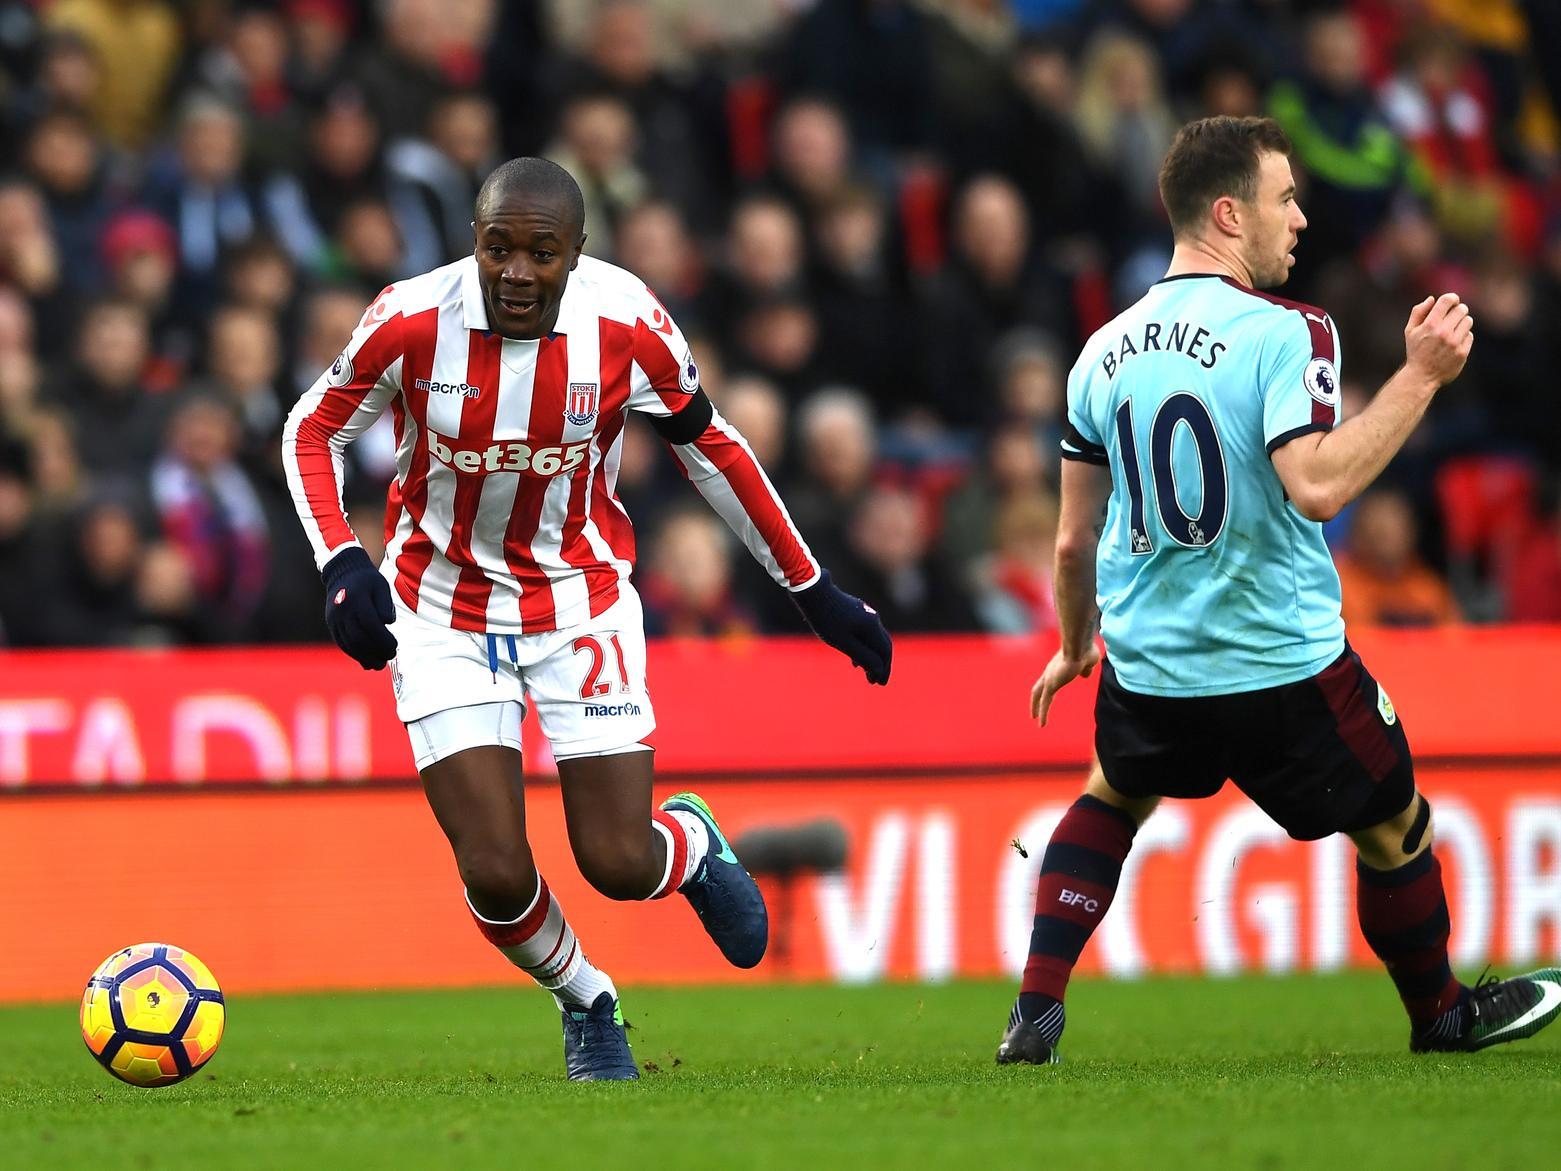 Stoke City have confirmed that they've terminated the contract of their record signing Gianelli Imbula. He spent a large portion of his four year spell out on loan, after failing to impress his club. (SCFC official website)
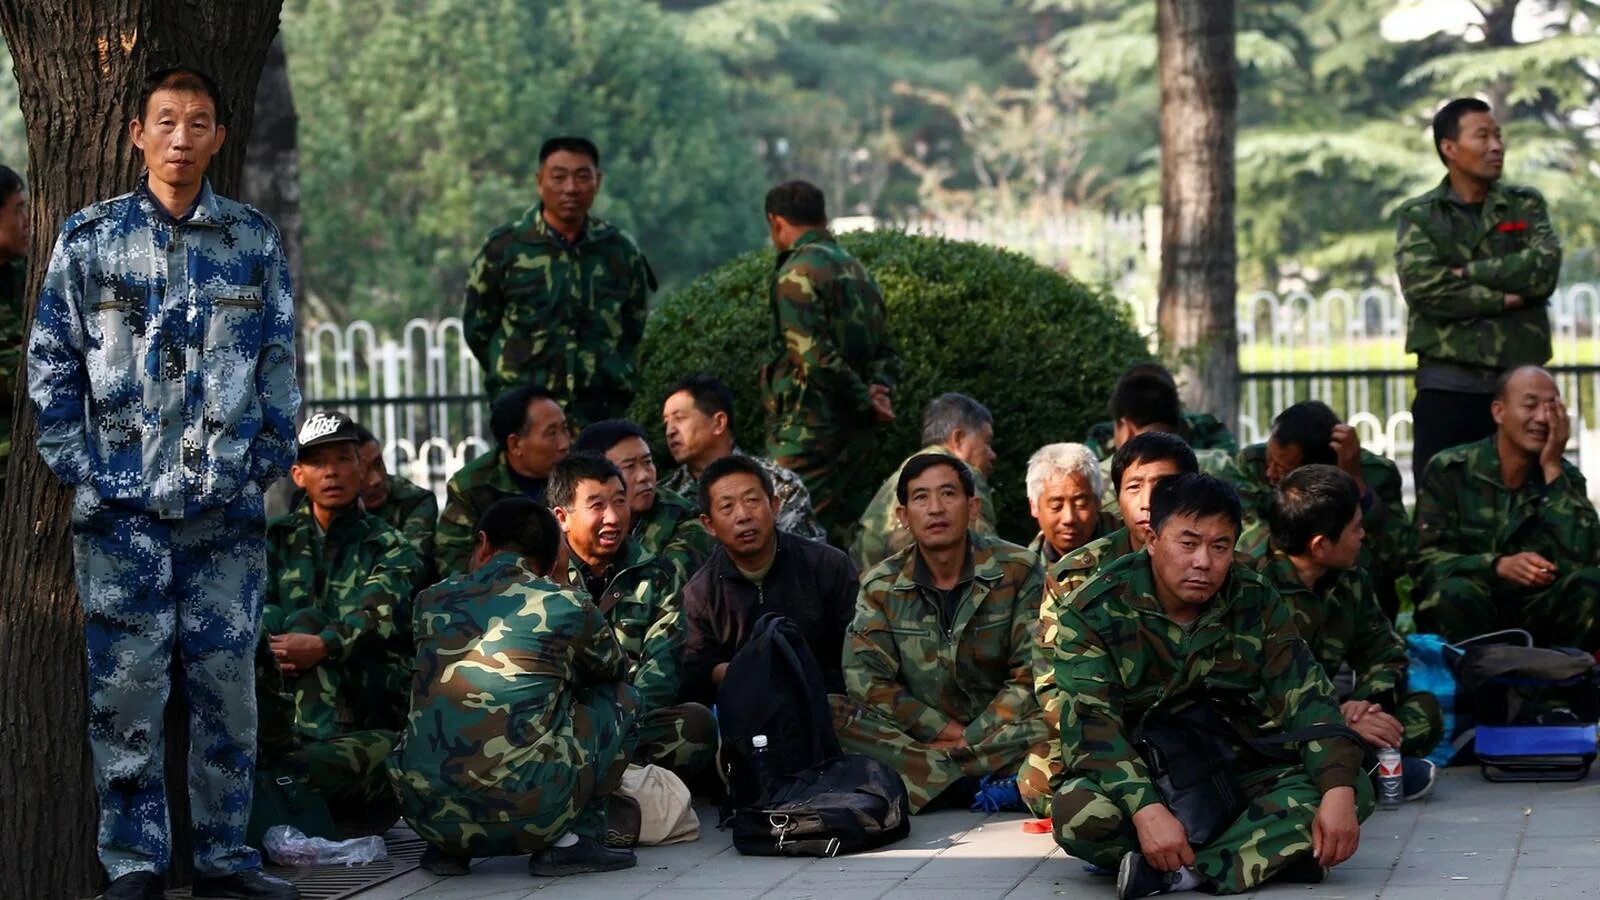 Asia force. PLA China. 中国军人 Chinese Military Soldiers. Military and Economics.
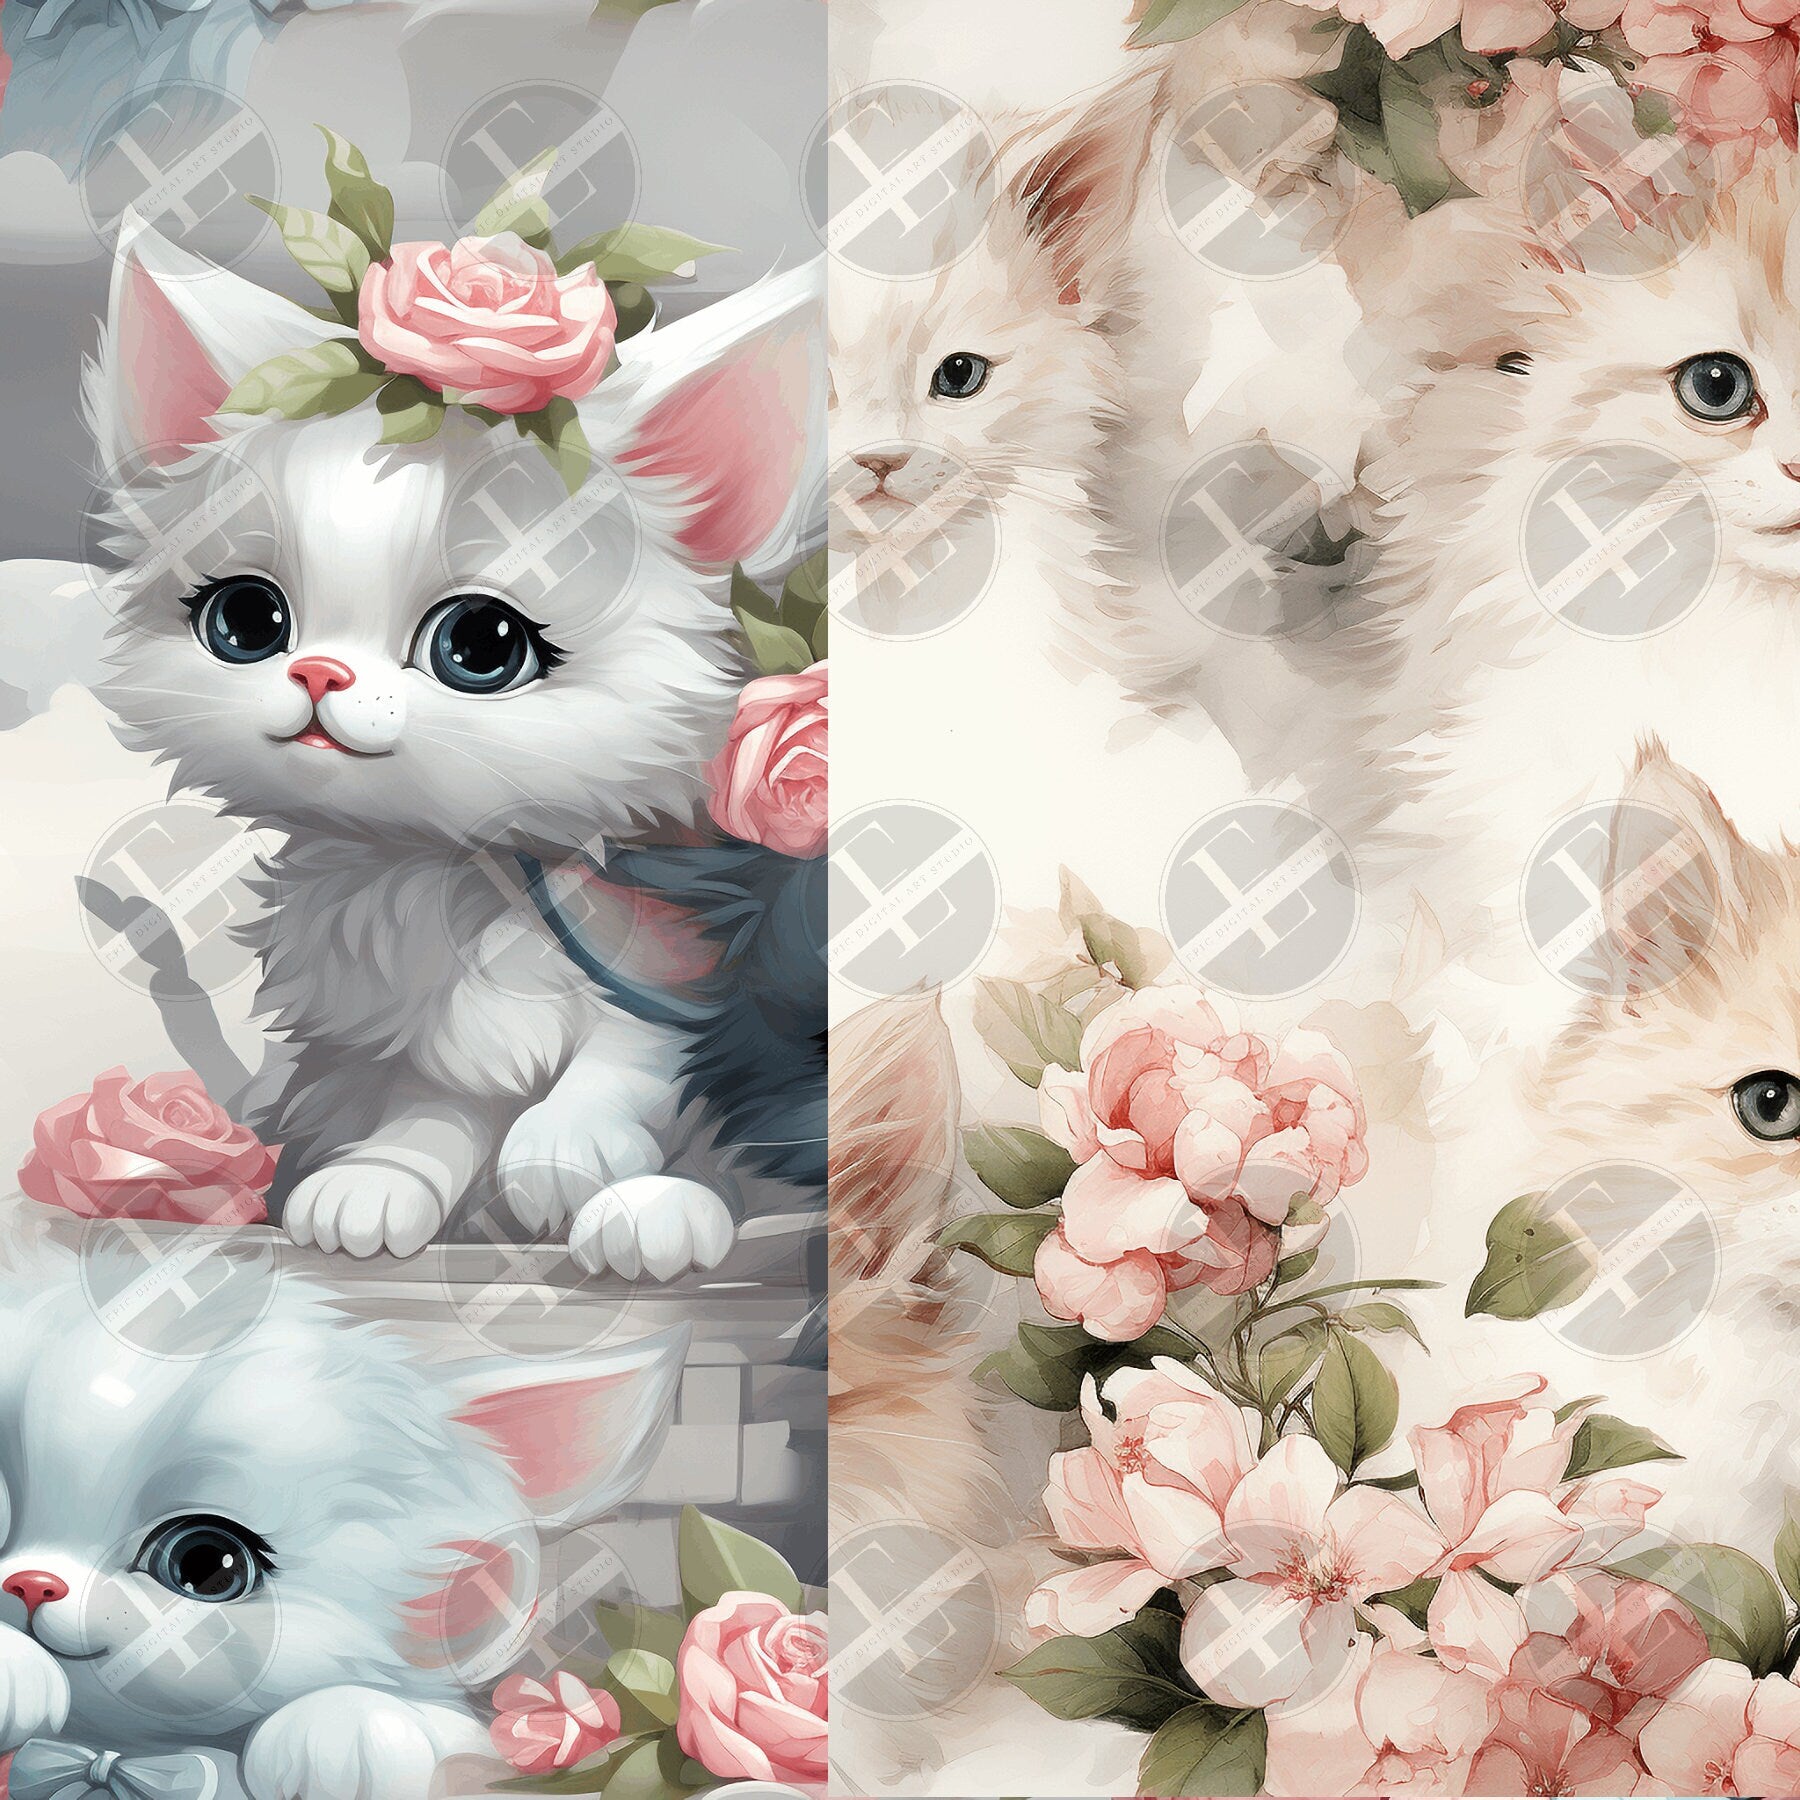 Cute Cat Seamless Patterns Digital Download PNG - Bundle of 16 - Shabby Chic Soft Watercolor Kittens Patterns - Commercial & Personal Use

• **EXERCISE DETAILS**
What belongs in the answer is each line above, reproduced exactly, and no picture.

• **RESULT OF THIS EXERCISE**
 Stoke City have confirmed that they've terminated the contract of their record signing Gianelli Imbula. He spent a large portion of his four year spell out on loan, after failing to impress his club. (SCFC official website)
 Asia force. PLA China. 中国军人 Chinese Military Soldiers. Military and Economics.
 Cute Cat Seamless Patterns Digital Download PNG - Bundle of 16 - Shabby Chic Soft Watercolor Kittens Patterns - Commercial & Personal Use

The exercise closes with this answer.